[GIVEN DATA]
#####

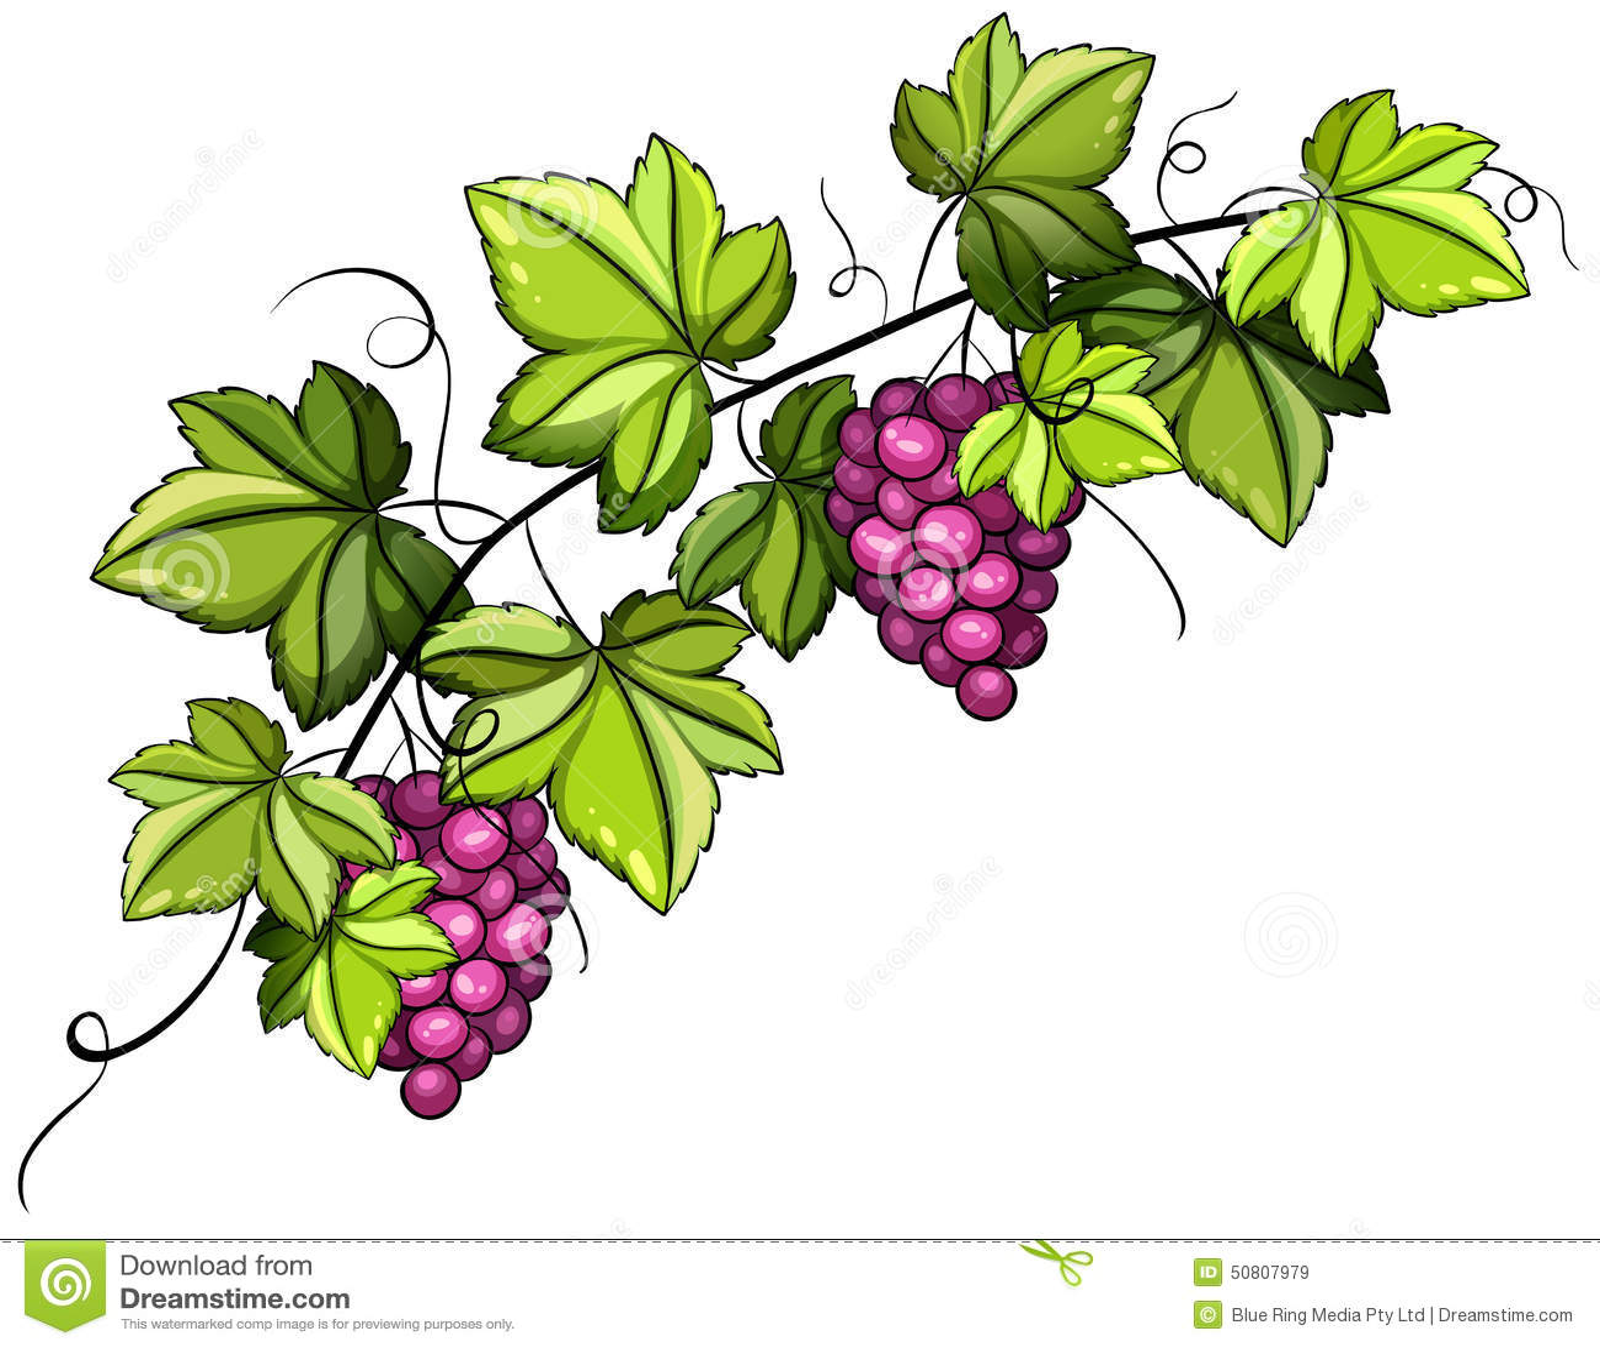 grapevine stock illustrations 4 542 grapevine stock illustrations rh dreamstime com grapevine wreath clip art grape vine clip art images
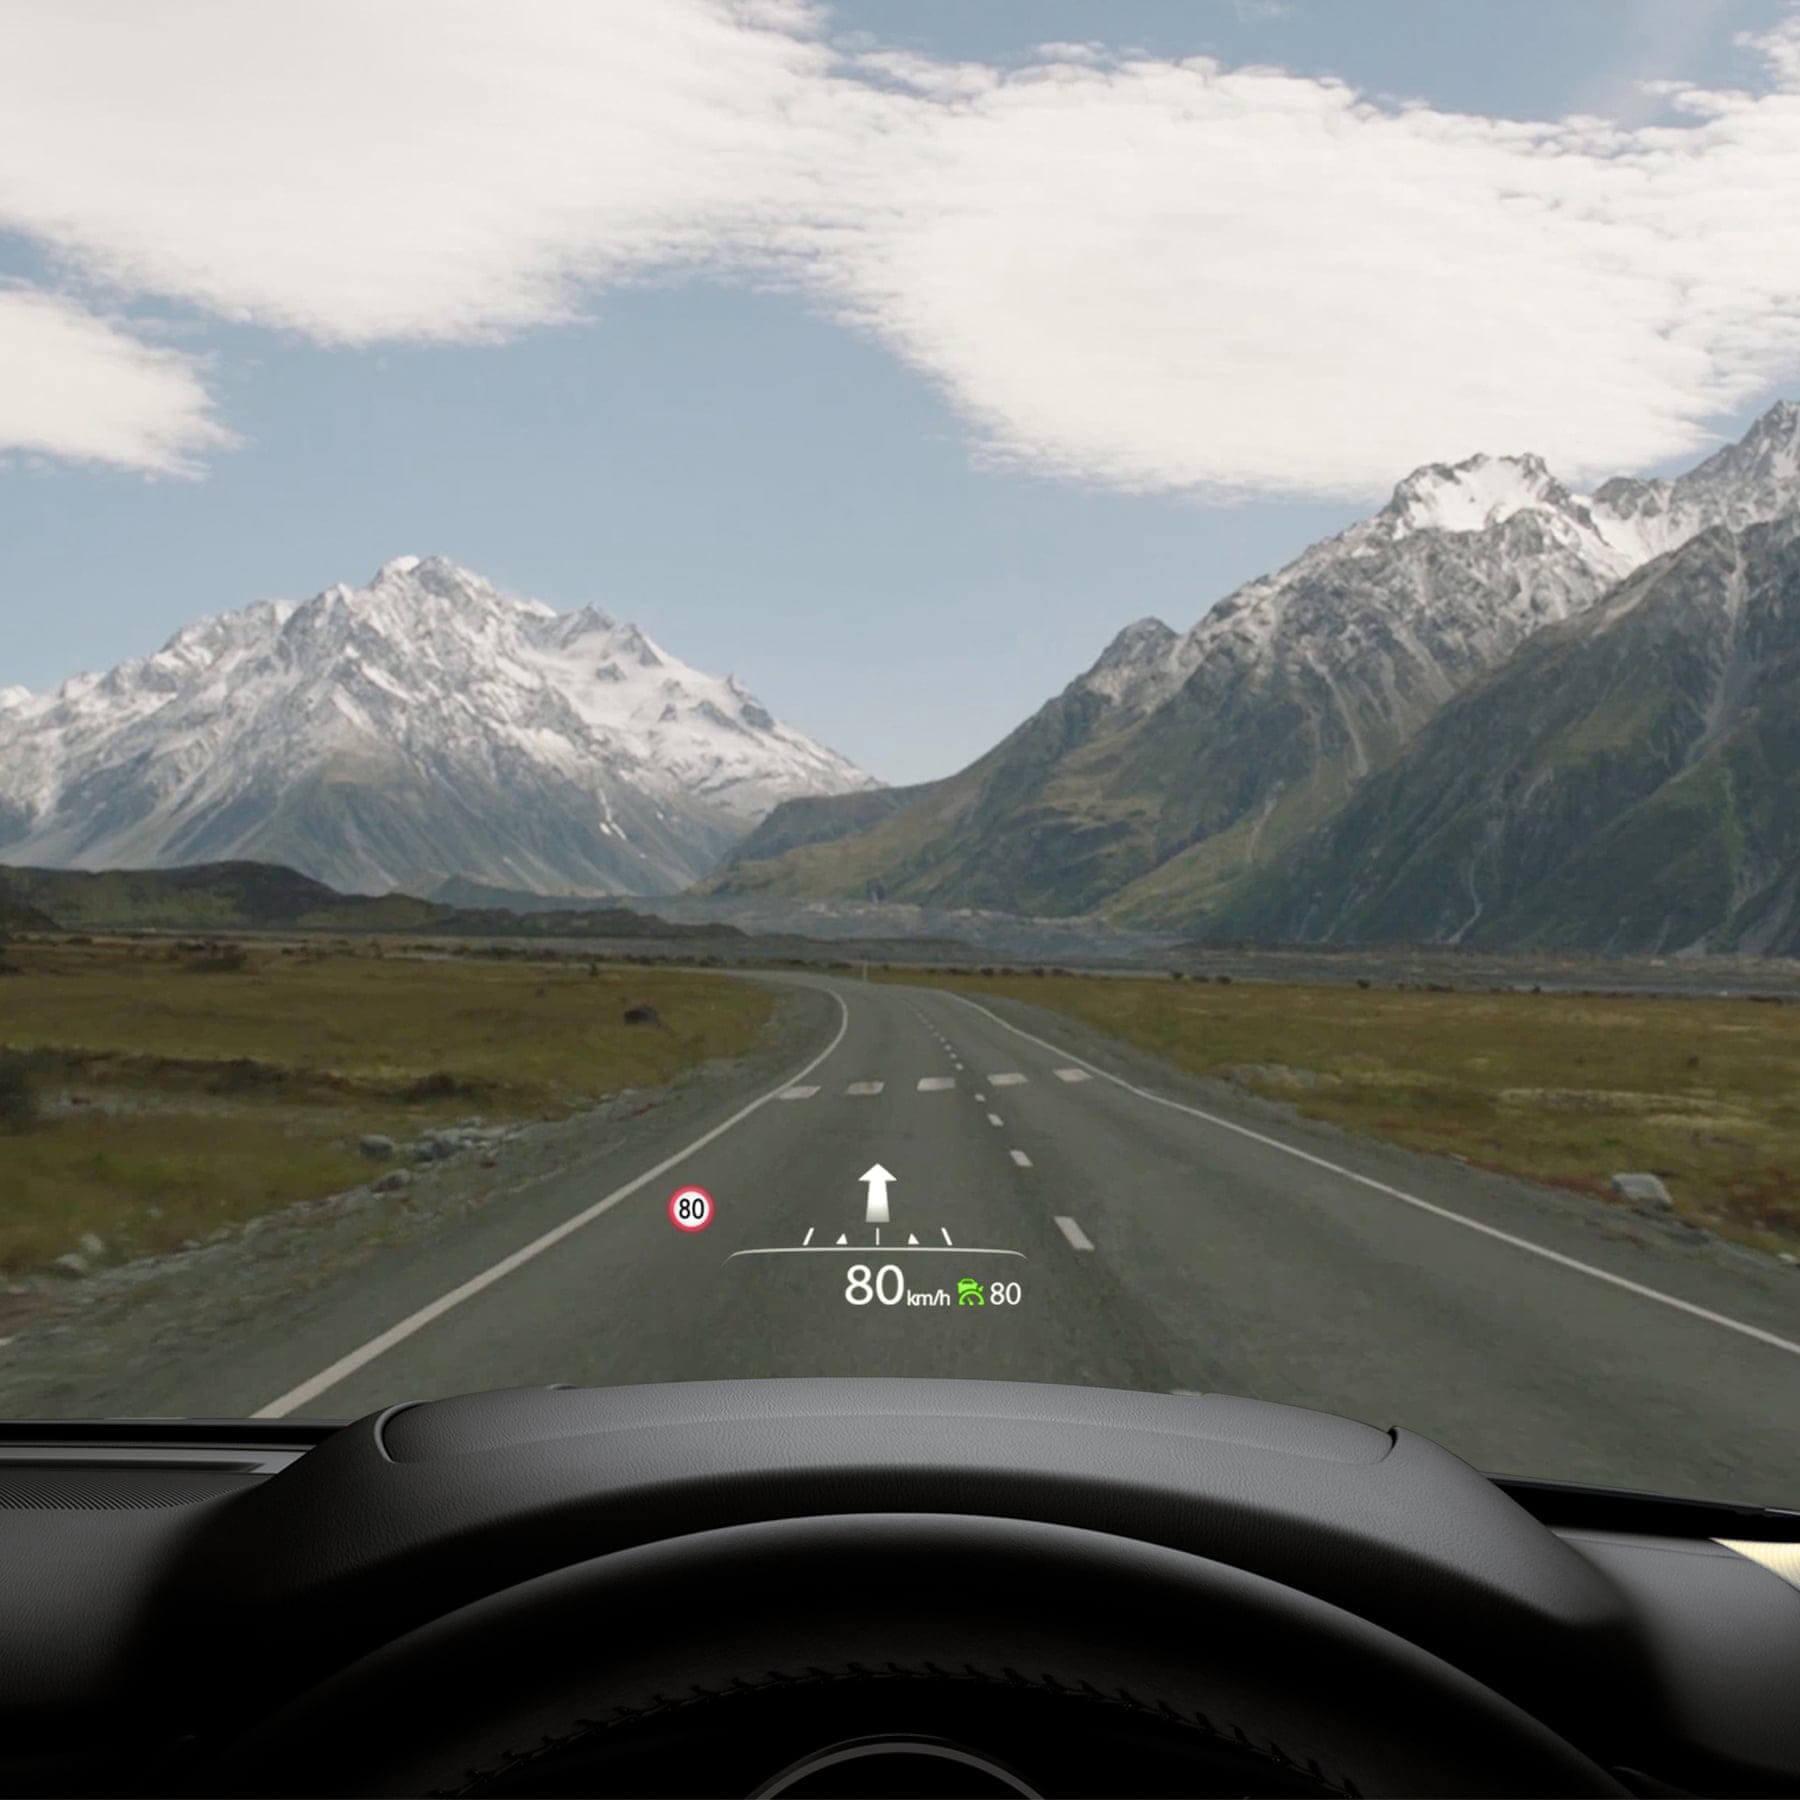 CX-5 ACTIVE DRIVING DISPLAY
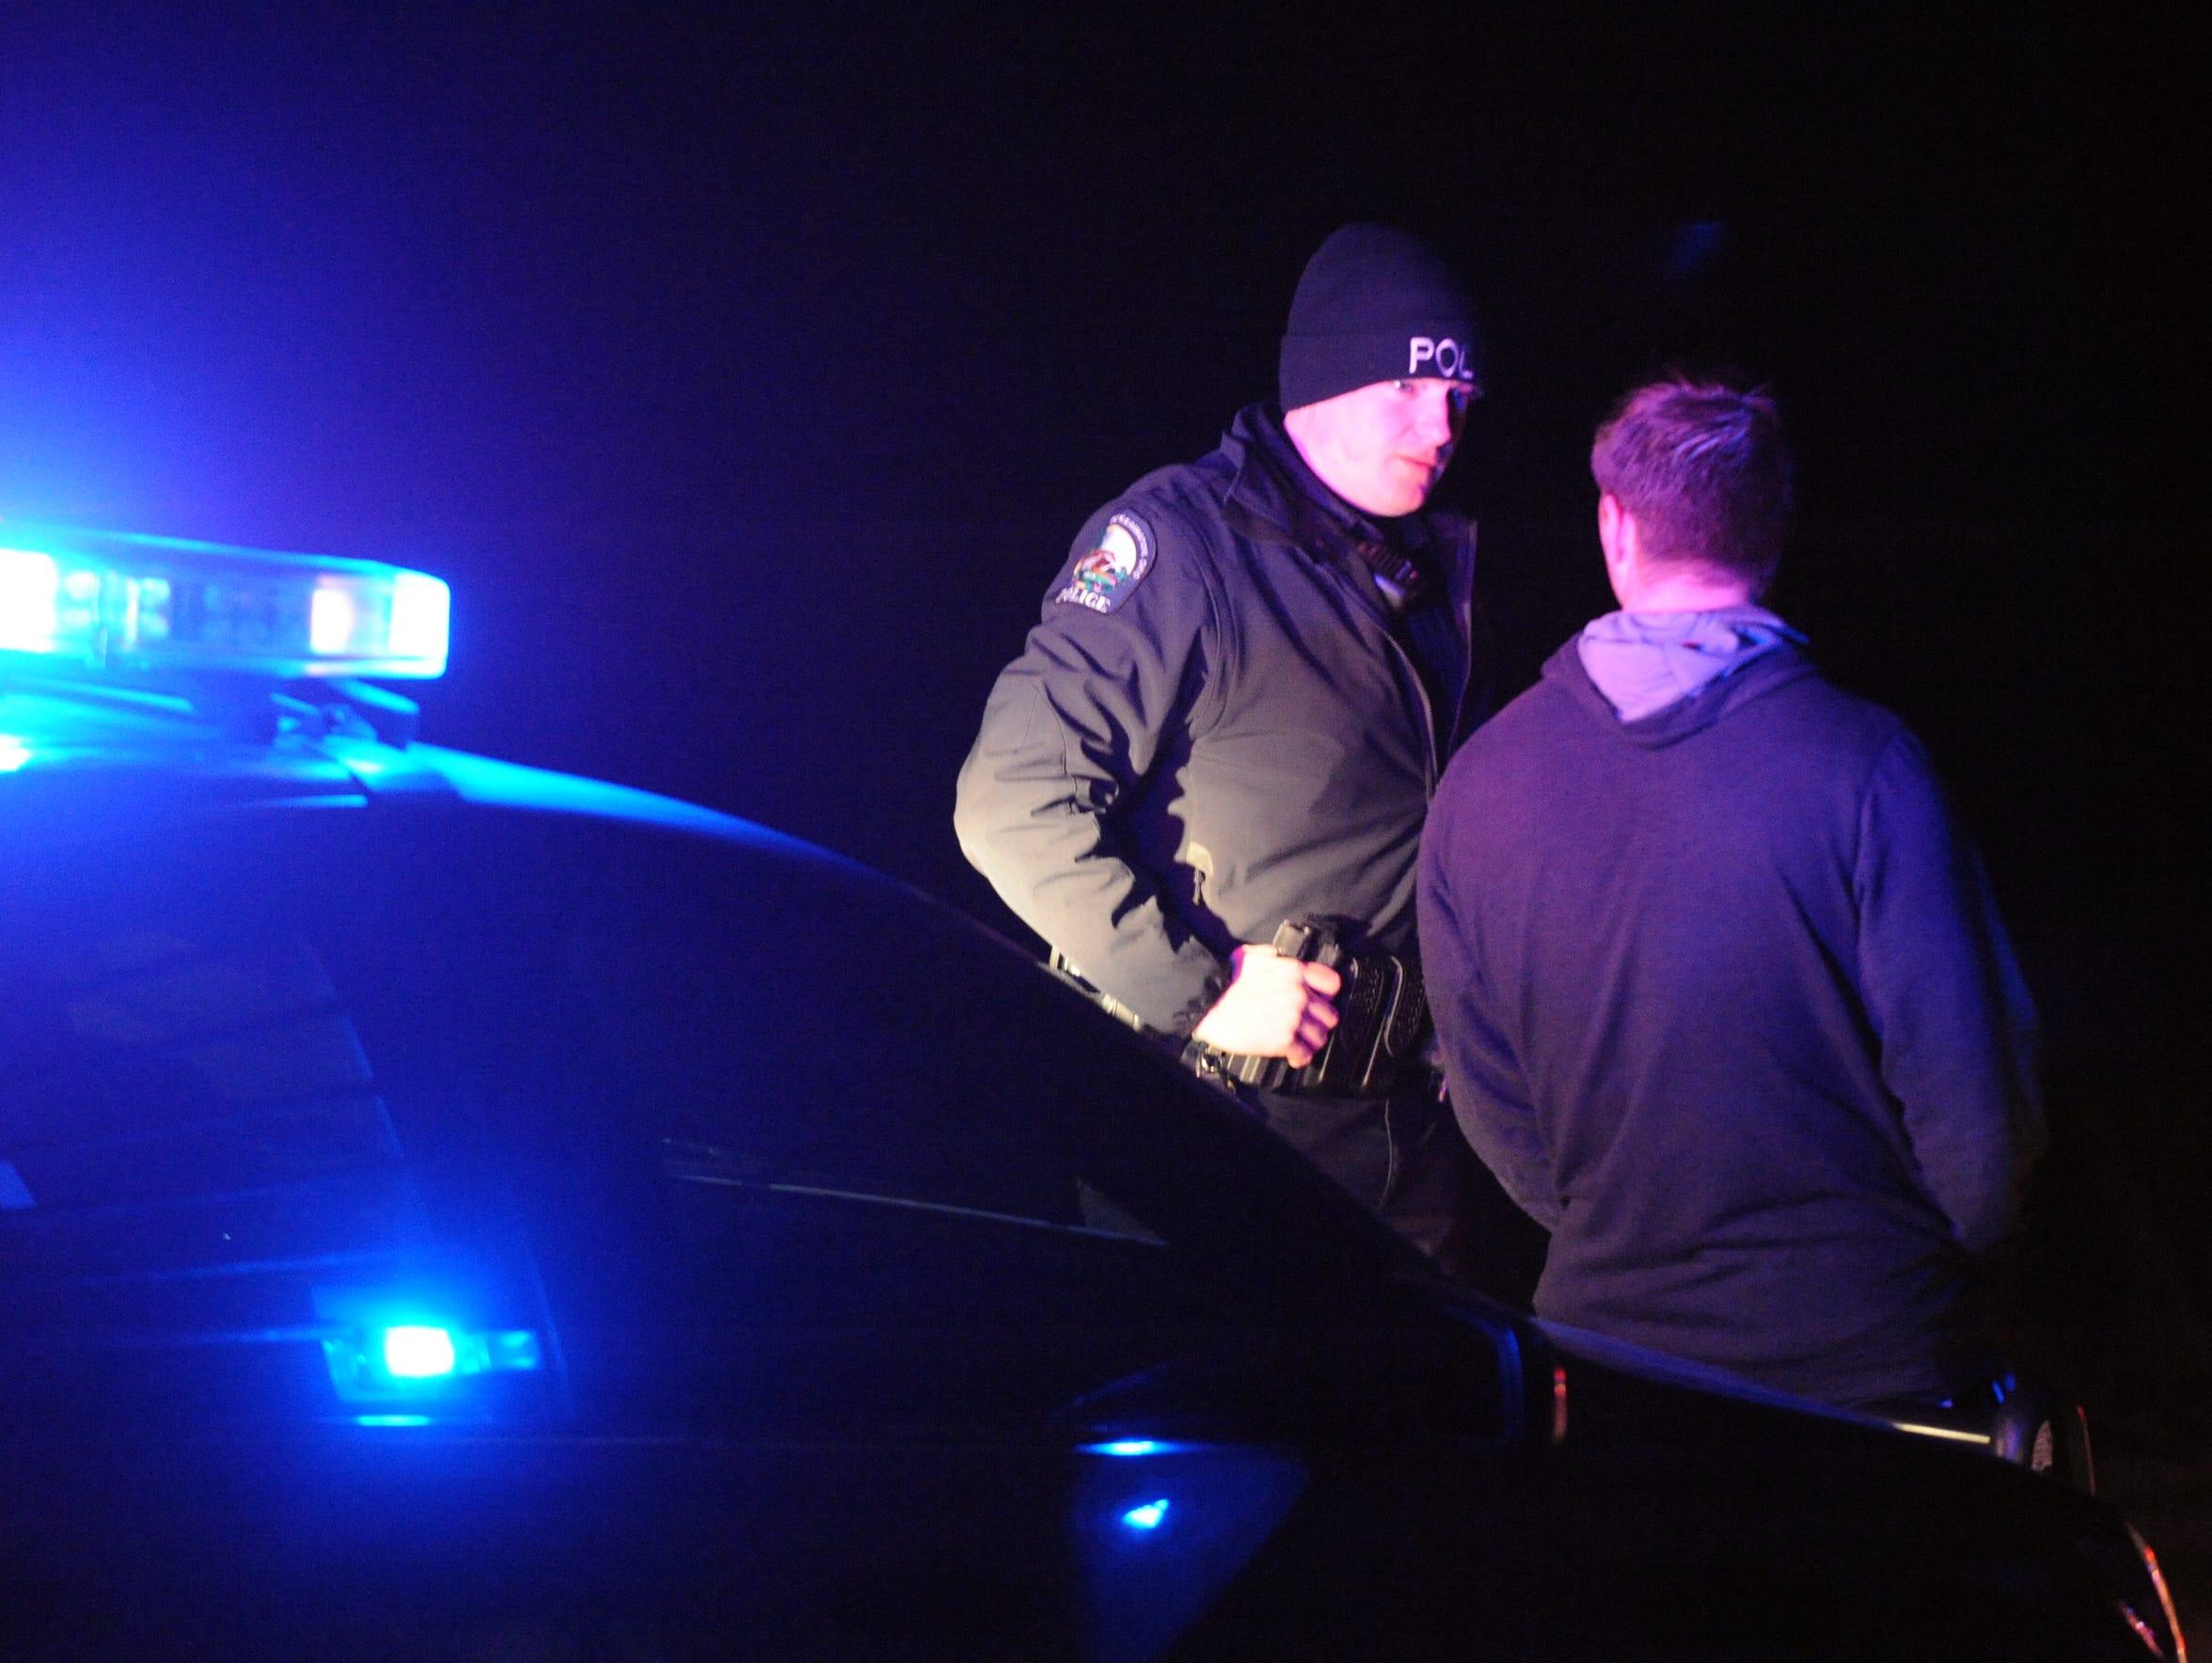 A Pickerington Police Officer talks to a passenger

#####

[EXERCISE] Restate the material word for word, minus pictures.

[RESULT OF THIS EXERCISE]
 grapevine stock illustrations 4 542 grapevine stock illustrations rh dreamstime com grapevine wreath clip art grape vine clip art images
 CX-5 ACTIVE DRIVING DISPLAY
 A Pickerington Police Officer talks to a passenger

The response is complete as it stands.